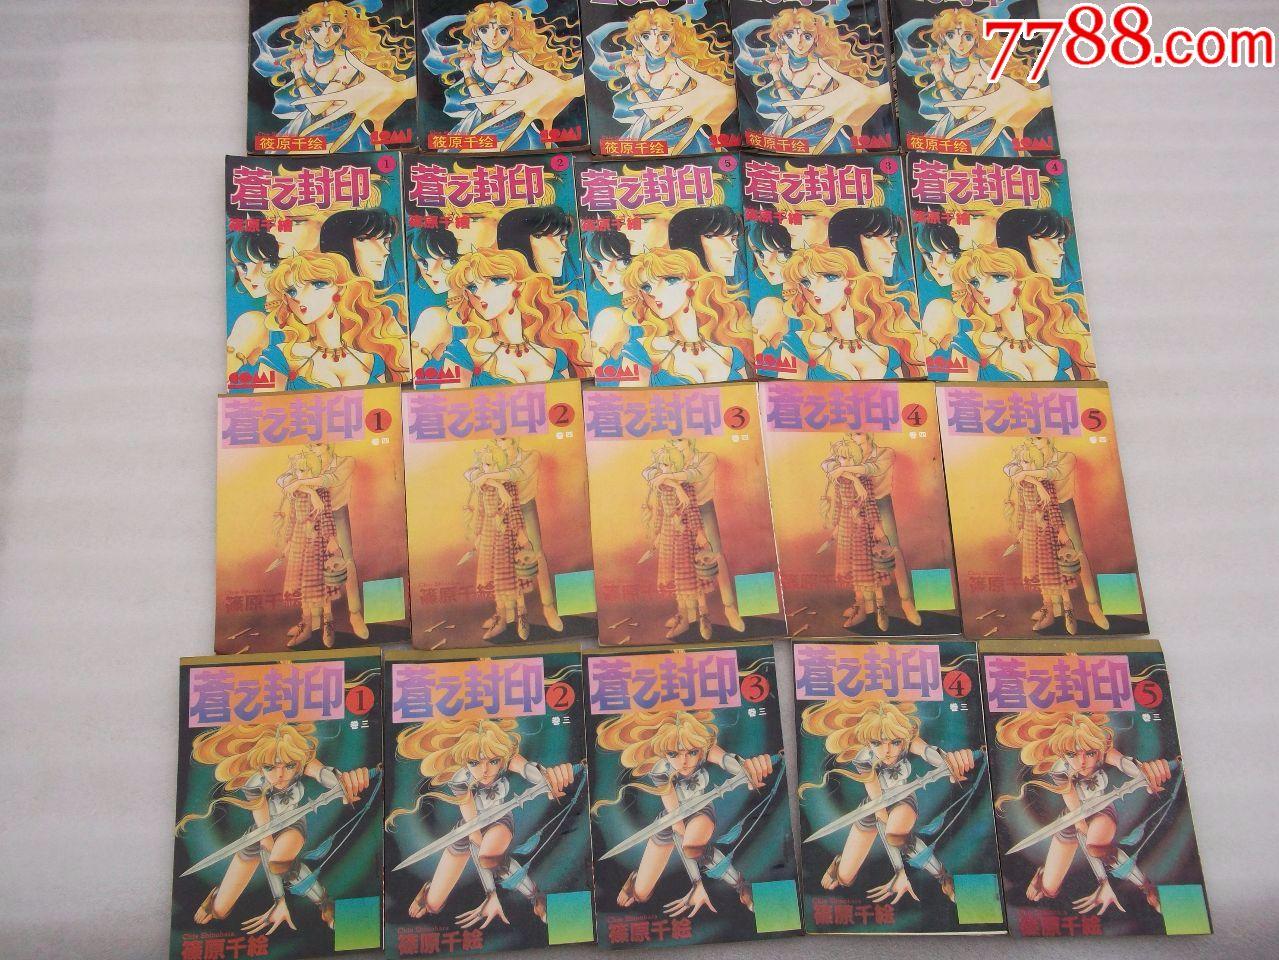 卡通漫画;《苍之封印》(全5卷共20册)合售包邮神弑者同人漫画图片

==

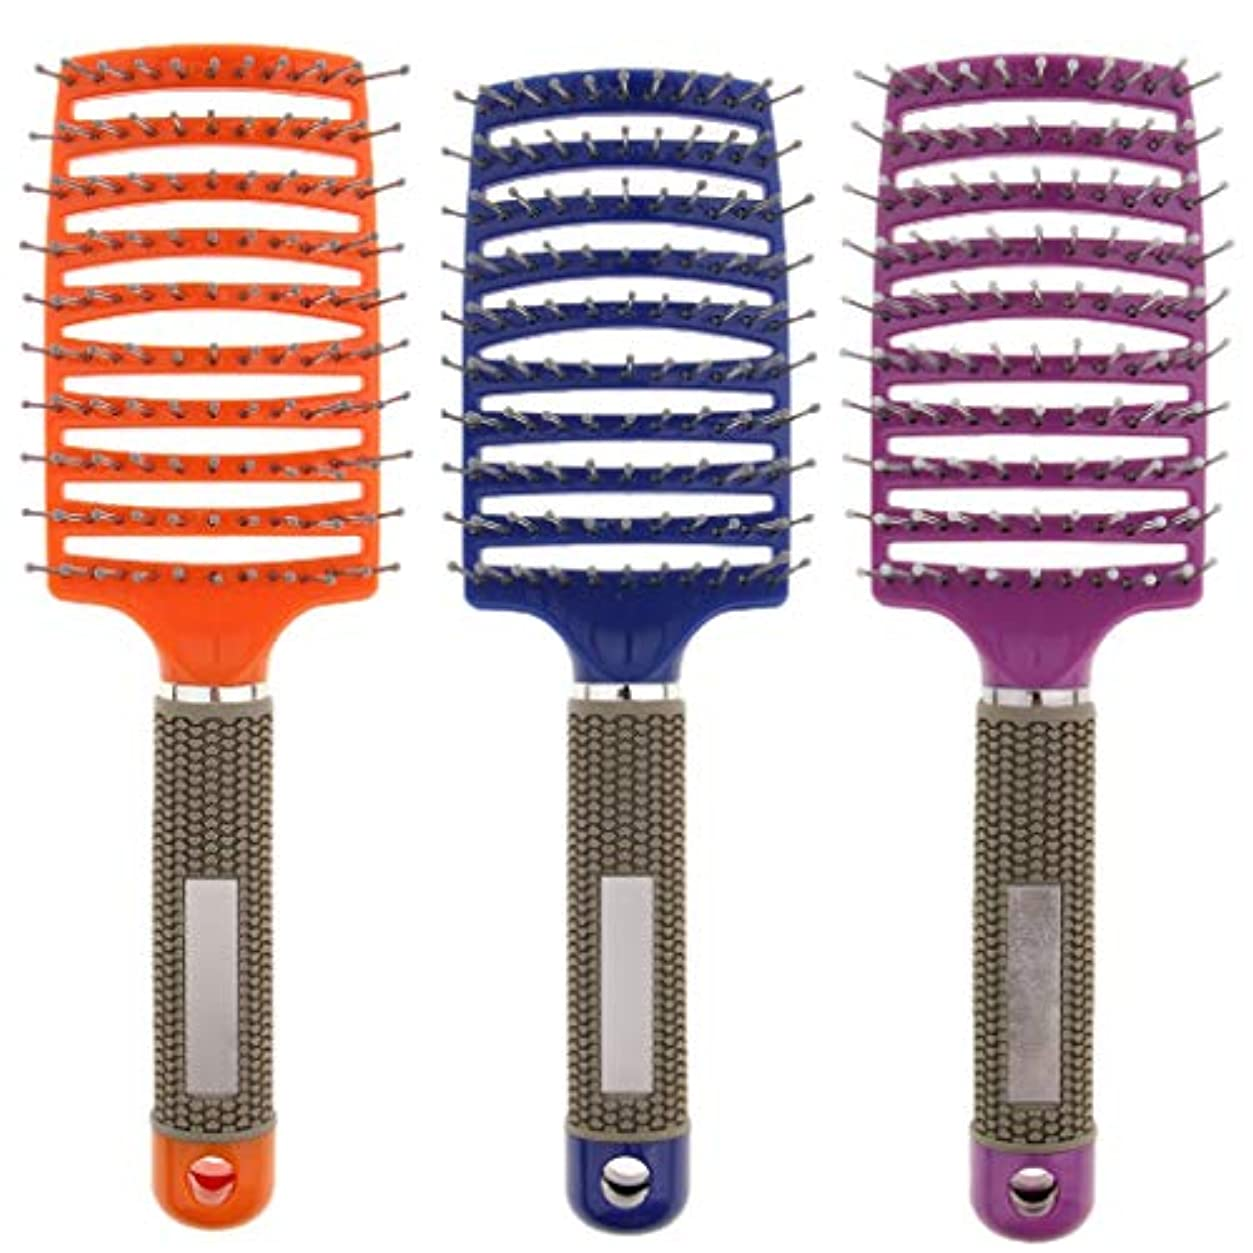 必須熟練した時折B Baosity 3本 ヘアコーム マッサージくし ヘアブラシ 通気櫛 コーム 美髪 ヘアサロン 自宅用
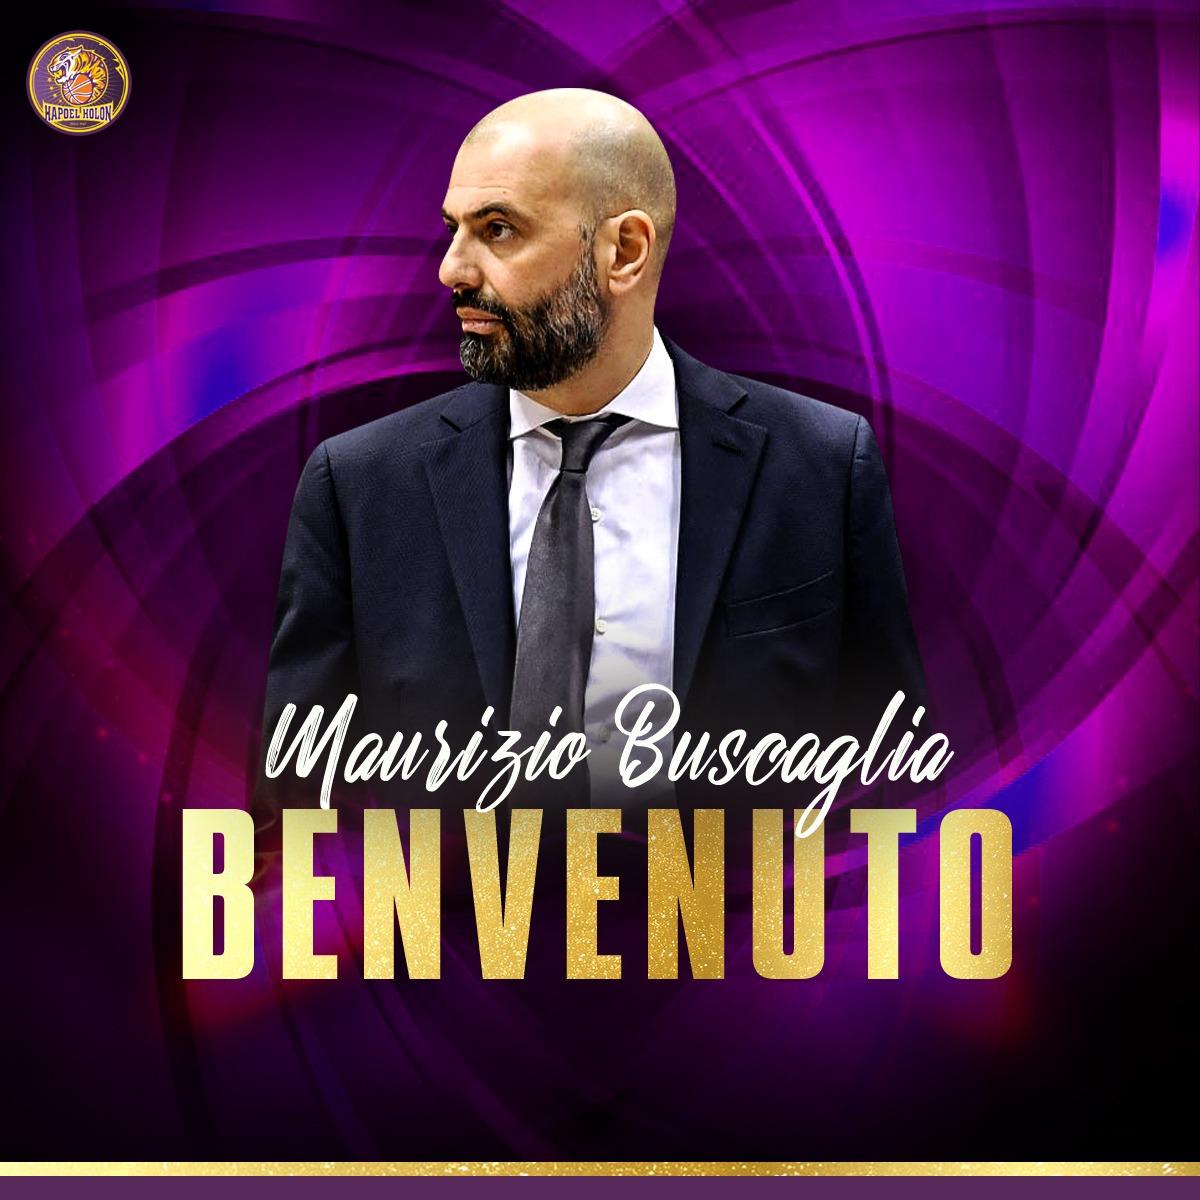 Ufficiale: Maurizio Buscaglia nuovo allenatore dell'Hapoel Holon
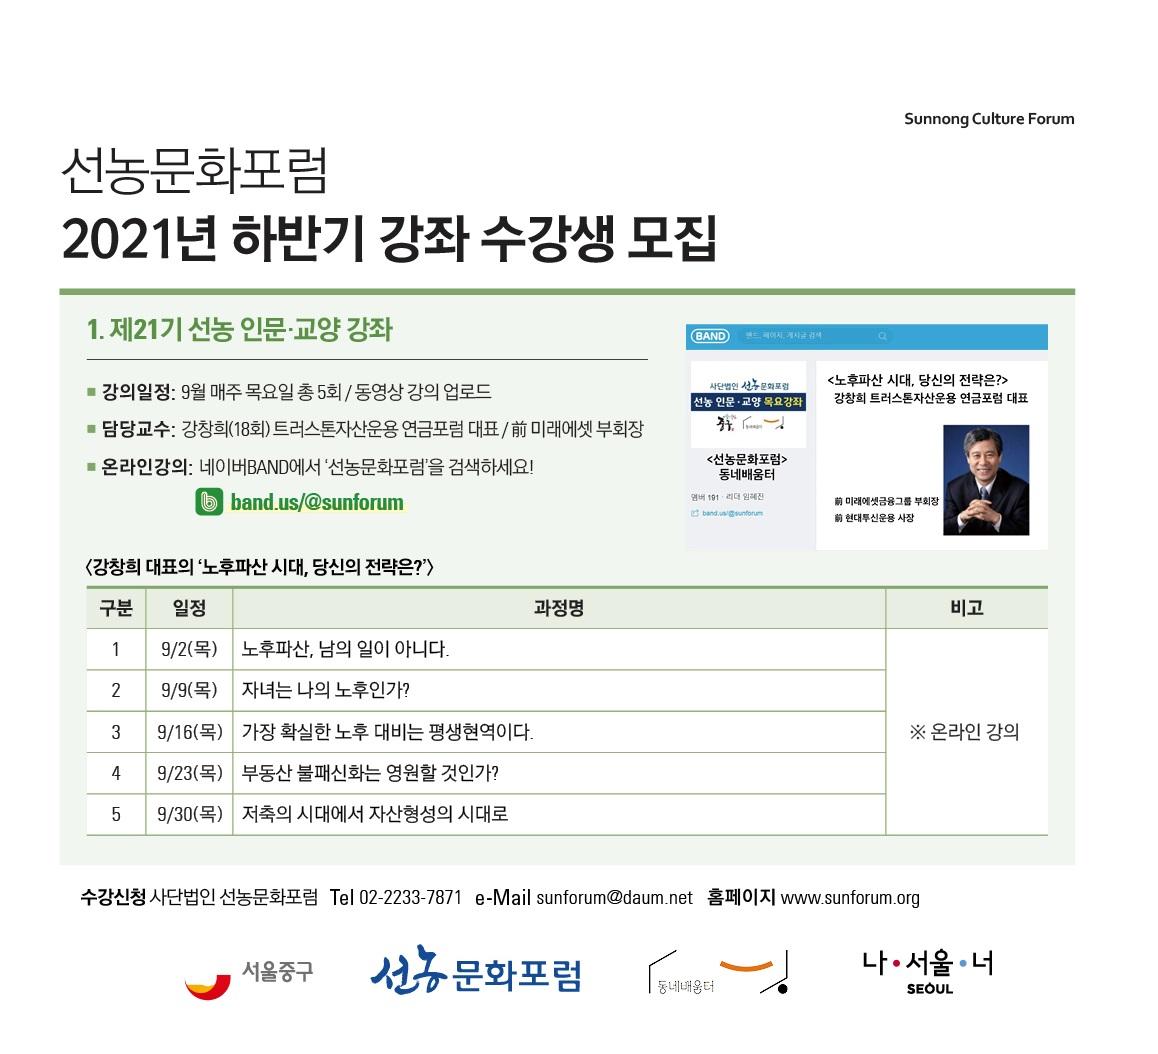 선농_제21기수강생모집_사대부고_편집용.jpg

Exercise objective: Among the lines above, the one with "必須熟練した時折B Baosity 3本" opens the part to repeat and the one with "선농_제21기수강생모집_사대부고_편집용.jpg" closes it; repeat only that part exactly, with no pictures.

Response area:
 必須熟練した時折B Baosity 3本 ヘアコーム マッサージくし ヘアブラシ 通気櫛 コーム 美髪 ヘアサロン 自宅用
 Ufficiale: Maurizio Buscaglia nuovo allenatore dell'Hapoel Holon
 선농_제21기수강생모집_사대부고_편집용.jpg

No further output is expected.